**Work instruction**. Emit a verbatim copy of the lines below from the line with "Trial függő lámpa, 3" through the line with "La Capinera Taormina menù 1 pagina", excluding pictures and everything outside that range.

**Data to use**.
☆ ☆ ☆ ☆ ☆ ☆ ☆

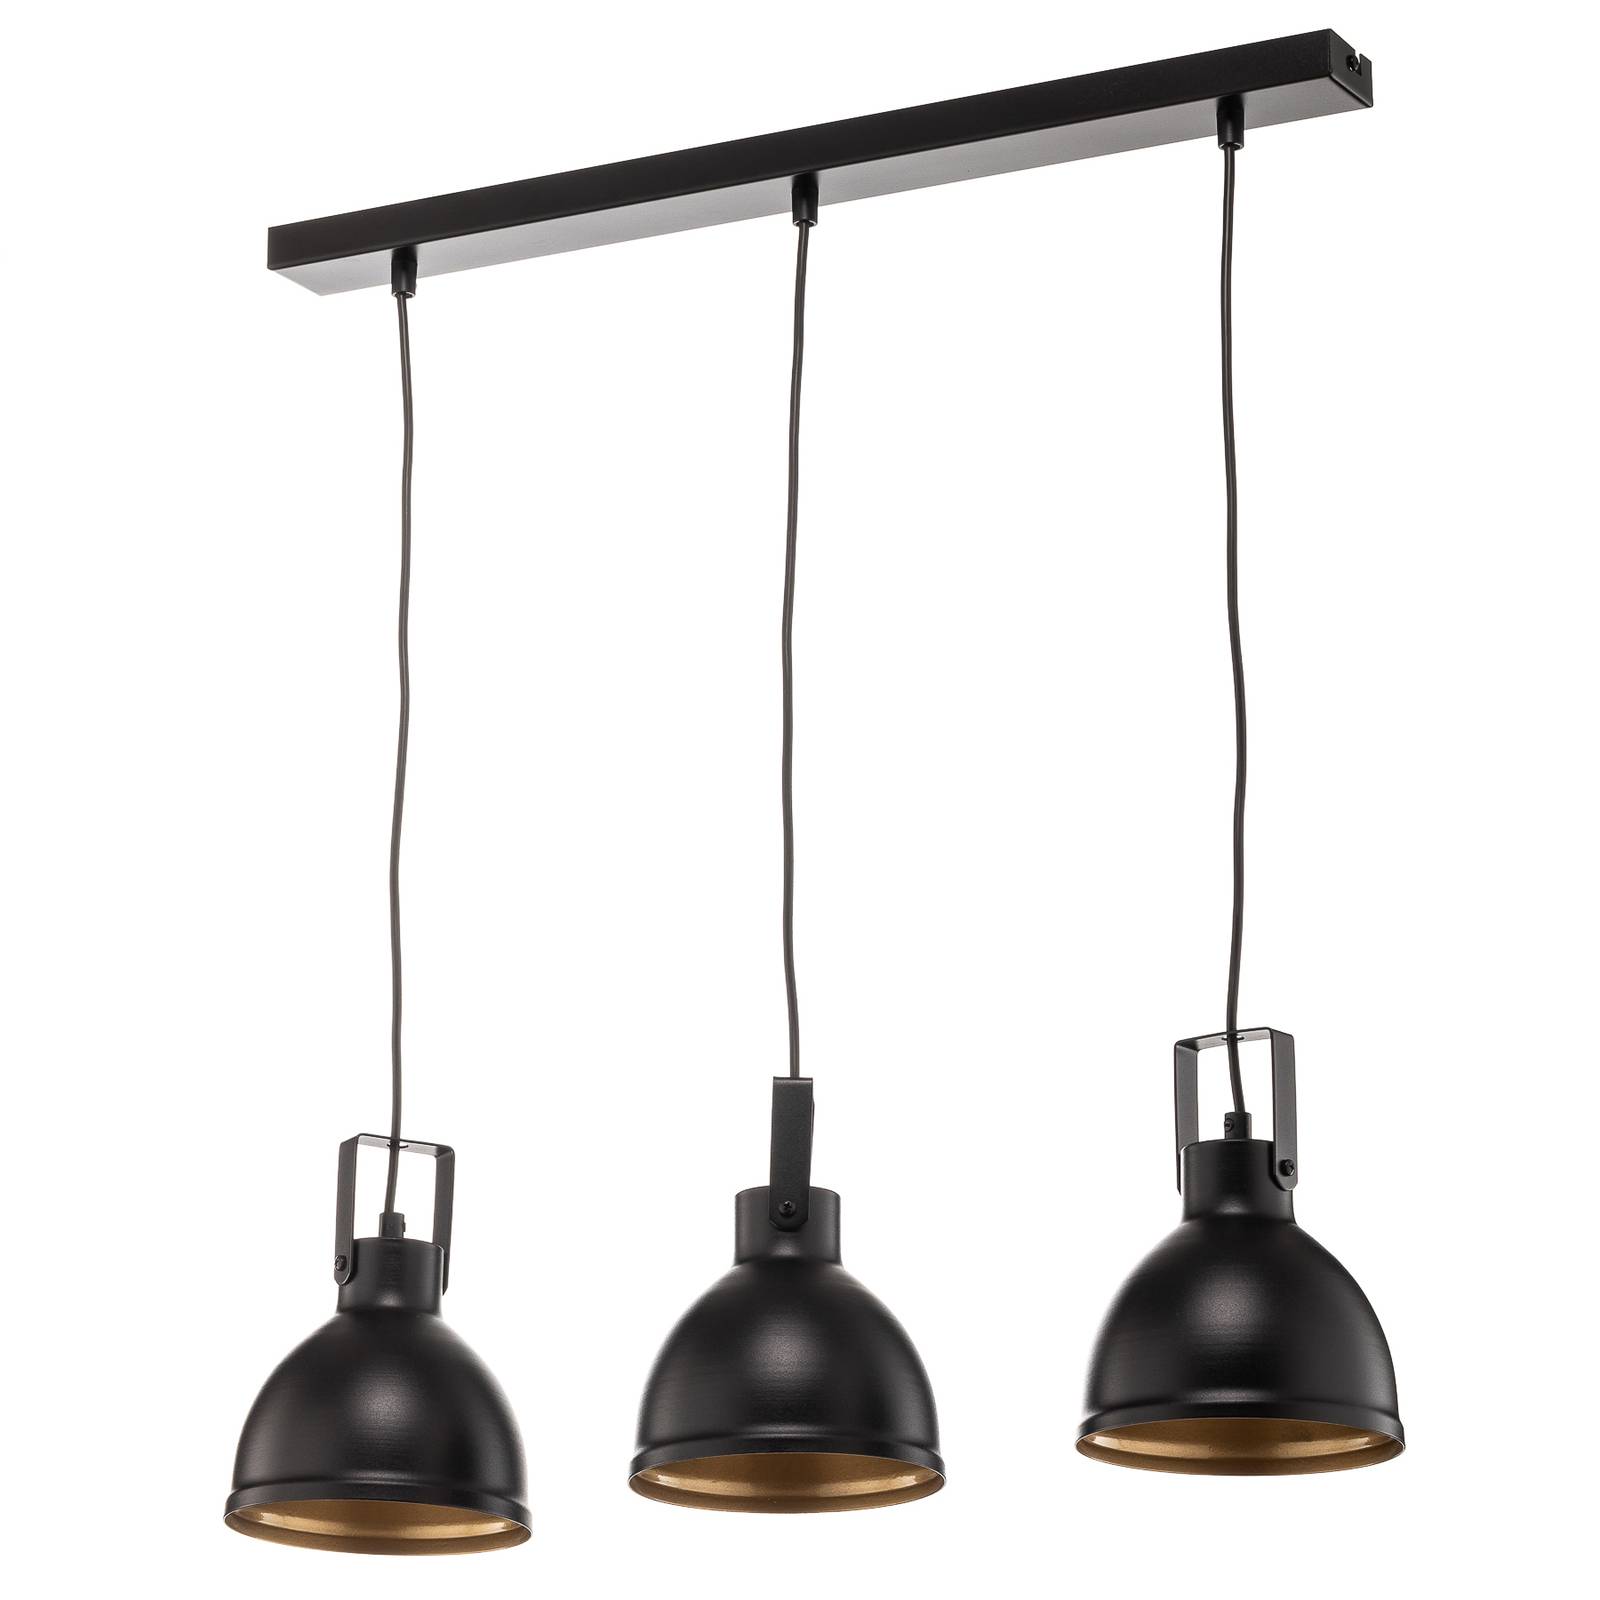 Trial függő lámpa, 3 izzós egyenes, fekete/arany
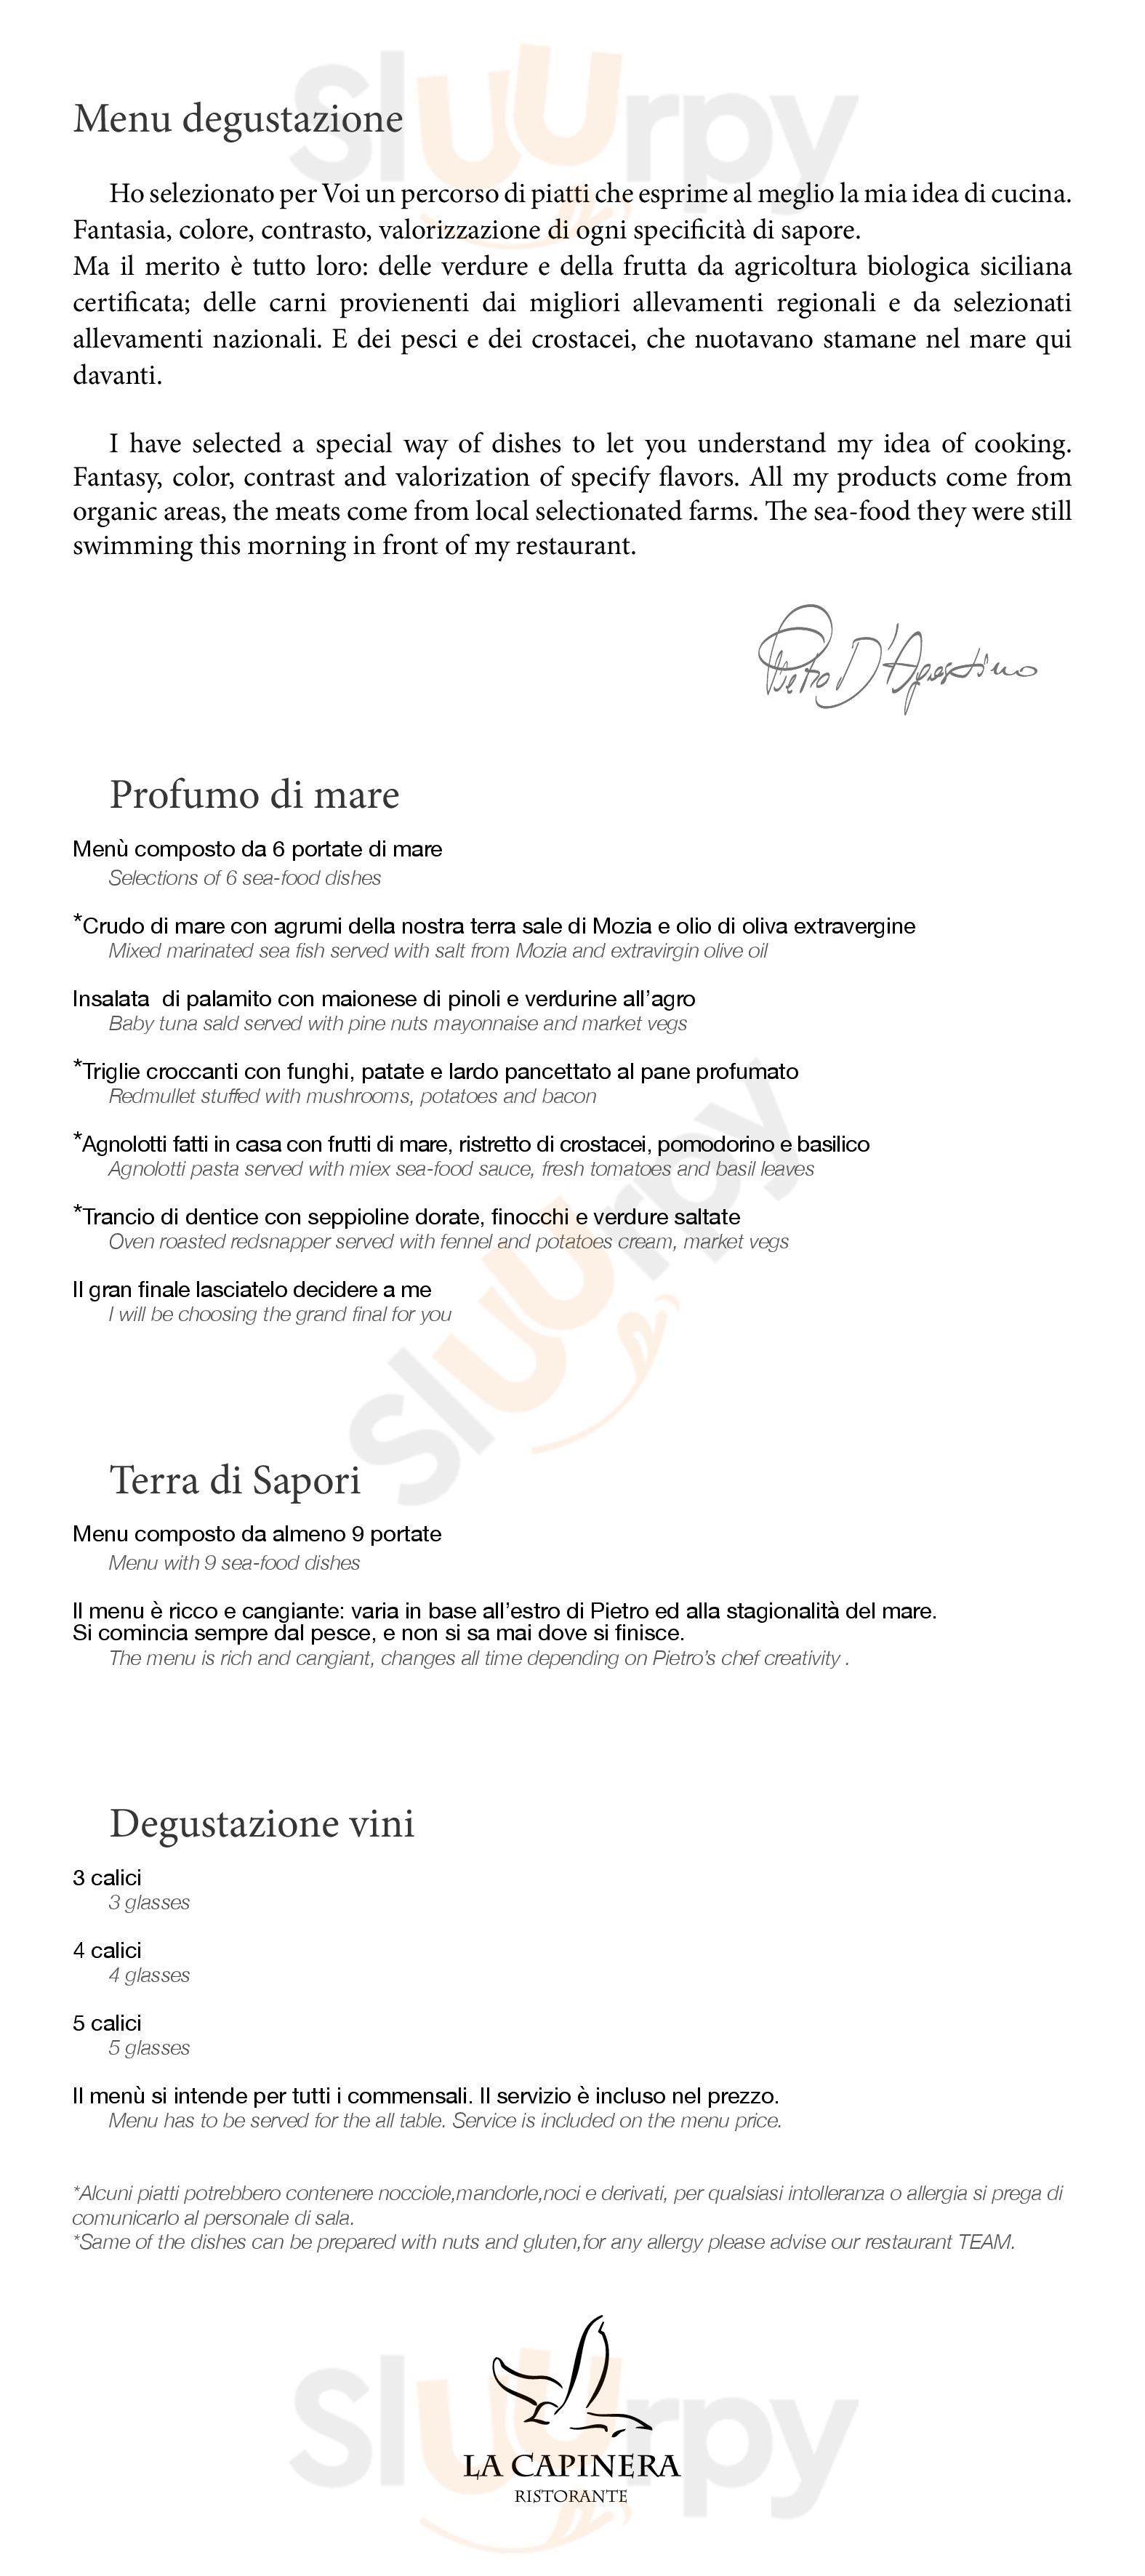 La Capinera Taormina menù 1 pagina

☆ ☆ ☆ ☆ ☆ ☆ ☆

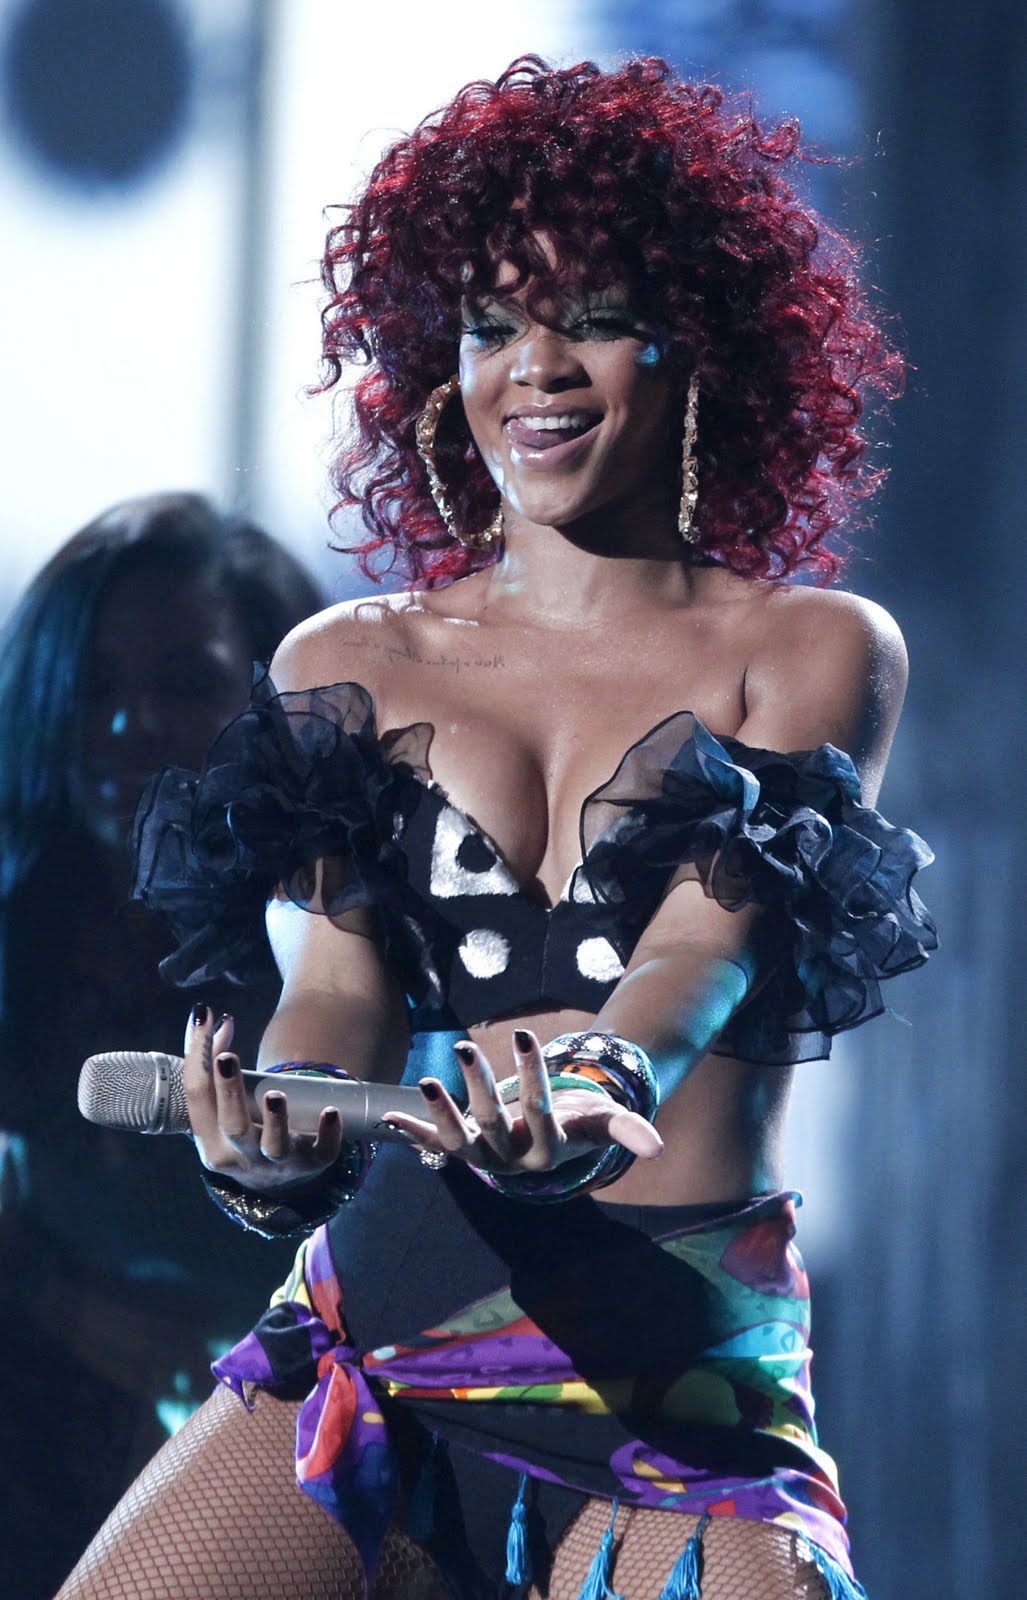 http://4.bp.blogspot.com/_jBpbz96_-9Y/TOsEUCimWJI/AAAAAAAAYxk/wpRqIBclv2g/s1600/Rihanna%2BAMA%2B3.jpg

☆ ☆ ☆ ☆ ☆ ☆ ☆

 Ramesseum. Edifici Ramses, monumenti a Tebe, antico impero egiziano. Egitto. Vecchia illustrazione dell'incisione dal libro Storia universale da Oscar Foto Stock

☆ ☆ ☆ ☆ ☆ ☆ ☆

**Solution**.
 Trial függő lámpa, 3 izzós egyenes, fekete/arany
 La Capinera Taormina menù 1 pagina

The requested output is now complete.